Mon, Oct 9, 2017
The CFPB’s final rule on payday and small dollar lending appears to have addressed many concerns raised by the leagues, credit unions and CUNA. The Association’s Advocacy Team and CUNA continue to analyze the nearly 1,700-page final rule.
The rule, as originally proposed last summer, swept in a number of credit union short-term, small-dollar loan products which had the potential to rob consumers of safe and affordable credit union alternatives to predatory loans.
Initial analysis of the rule indicates that there are many positive improvements, including:
- The NCUA PAL Program appears to be completely carved out
- Loans that are over 45 days with no balloon payments appear to be exempt for the most part (unless the APR which is no longer 'All-In' is above 36 percent)
- There is an exemption for any provider doing fewer than 2500 otherwise-covered loans and which represent no more than 10% of revenue.
- The notice and debit requirements that apply to most covered loans do not apply to loans from credit unions that make loans to their own members if the payments do not trigger overdraft or NSF fees.

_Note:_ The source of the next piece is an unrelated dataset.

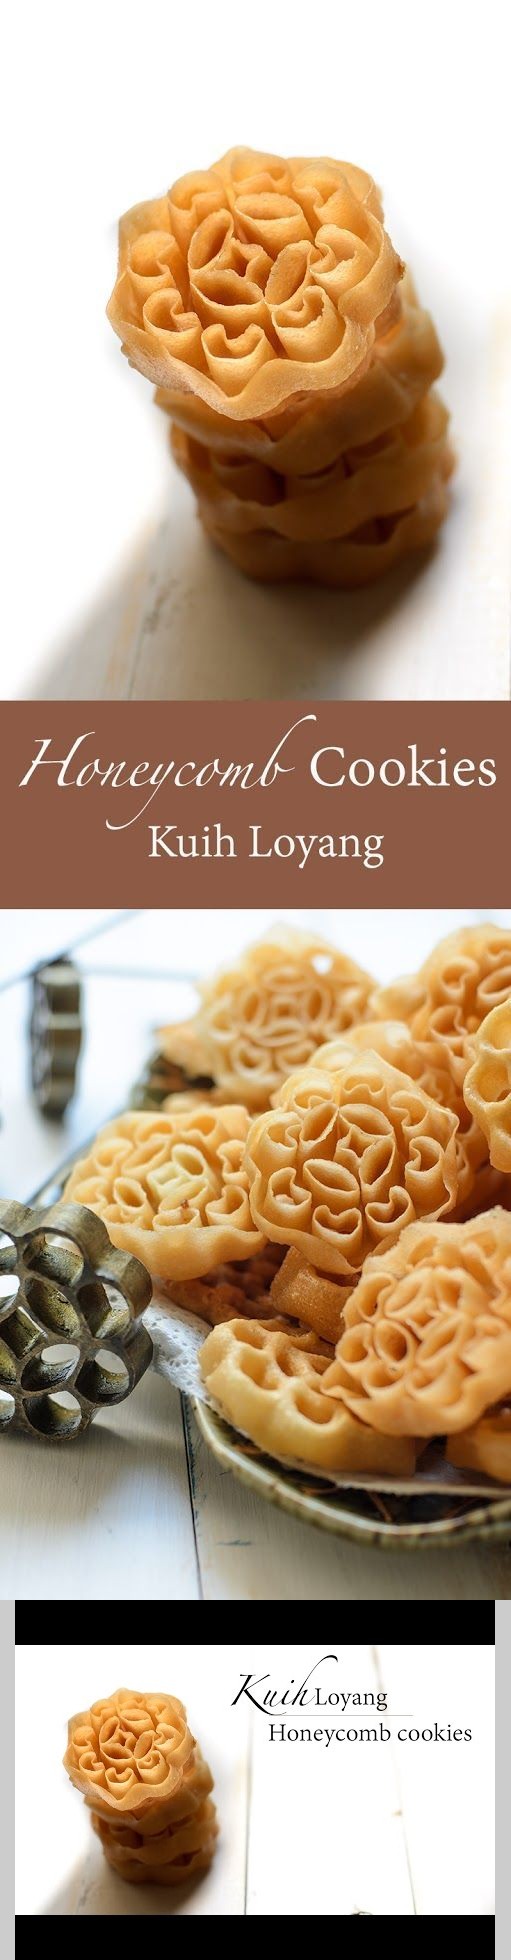 Honeycomb Cookies / Kuih Loyang

- Certain Salary advances are exempted
- CFPB is using Regulation Z to define cost of credit rather than its previously proposed definition of a new All-in APR
- It appears very unlikely that any auto refinance loans will be included as covered loans under the improved consideration of what is included
The Association will continue to analyze the rule to determine its full impact.
Last year, CUNA and the Leagues met with the CFPB over a dozen times and filed extensive comments outlining the problems with the original proposal.